In their opinion, Parmenides was influenced by the trends in Greek mathematics after the 'crisis of incommensurable quantities'. Moreover, some passages could be interpreted as assertions of the ideal character of geometrical entities.

A history of science can then develop also by means of (Lakatosian, we could say) 'bold conjectures'. For Bachelard, history of science has a peculiar character: it must explain also the progress of science:

The progress of scientific thought is demonstrable, is proved, its proof is even a pedagogical element, which is indispensable for the development of scientific culture. Progress is namely the very dynamic of culture and history of science must describe this dynamic. (Bachelard 1951, I, p1)
The dynamic nature of the history of science as perceived by Bachelard is related thus by Tiles:
Bachelard (claims) that the form of history of science that is relevant to the philosophy of science (...) can be considered independently of the wider discussion of the nature and role of history in general. (The history of science) is not something that can be written once and for all. On this view science is in a continual dialogue with its own history. (Tiles 1984, p. 13-14).
Lakatos proposes a study of the development of science based on rational reconstructions of history, that is on history as it would be, if (in the philosopher's opinion) scientists would behave in a 'rational' way:
In writing a historical case study, one should, I think, adopt the following procedure: (1) one gives a rational reconstruction; (2) one tries to compare this rational reconstruction with actual history and to criticize both one's rational reconstruction for lack of historicity and the actual history for lack of rationality. Thus an historical study must be preceded by a heuristic study: history of science without philosophy of science is blind. (Lakatos 1970, p. 52-53)
Further
...philosophy of science provides normative methodologies in terms of which historian reconstructs 'internal history' and then provides a rational explanation of the growth of objective knowledge (Lakatos 1971, p. 102)
What kind of philosophy can we recommend to a historian? Obviously, a historically-oriented one; a philosophy which is open to change its theses. In short, a non-absolutist philosophy.

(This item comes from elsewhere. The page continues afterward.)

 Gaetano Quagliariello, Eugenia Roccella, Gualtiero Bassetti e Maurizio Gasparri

Why history and philosophy are important for mathematics education

We can now try to give an answer to the questions about mathematics education, which were posed at the beginning of this paper.

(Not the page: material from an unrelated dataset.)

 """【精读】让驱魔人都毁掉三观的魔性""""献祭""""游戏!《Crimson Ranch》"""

The significance of history for mathematics education is in the philosophy of mathematics on which it is based: history is (or will be) a teaching of philosophy by means of concrete examples.

As to the significance of philosophy of mathematics for mathematical education, it is firstly important when we are confronted with an important decision where purely 'technical facts' do not provide any direction. For example, when we consider questions such as:

  1. What type of geometry is suitable for pupils at a pre-formal stage?
  2. How can mathematical methods interact with physics (for instance, infinitesimal calculus and mechanics)?
  3. What approach to logic is advisable in different school phases?

Moreover, our way of thinking is influenced by implicit philosophies whose origin is in the history of mathematics and in its teaching. For instance, a form of 'Platonic' philosophy of knowledge (whether we really owe it to Plato or not, as some scholars doubt) and of Aristotelian methodology are often present in 'common mathematical sense'. Then a relevant task for philosophy and history is to bring to light these implicit philosophies, in order to construct a more rational frame for our knowledge.

On the other hand, mathematics education offers meaningful hints to philosophy of mathematics. For instance, the above-mentioned questions a), b), c) can be (and in my opinion are indeed) the starting-points for epistemological researches.Moreover, in the light of a non-absolutist philosophy, mathematics coan be an 'ideal laboratory' for the progress of a general theory of knowledge, as happened in Greece in the fifth and in the fourth centuries BC, or in Europe in the seventeenth century.

Cognitive psychology can also interact with epistemology, as Piaget showed (whatever opinion one has about his theory). The former needs a philosophical frame, but it can also give to the latter relevant insights: a theory of knowledge must take into account also the genetic approach. Clearly, all these insights naturally lead us on the ground of non-absolutist philosophies.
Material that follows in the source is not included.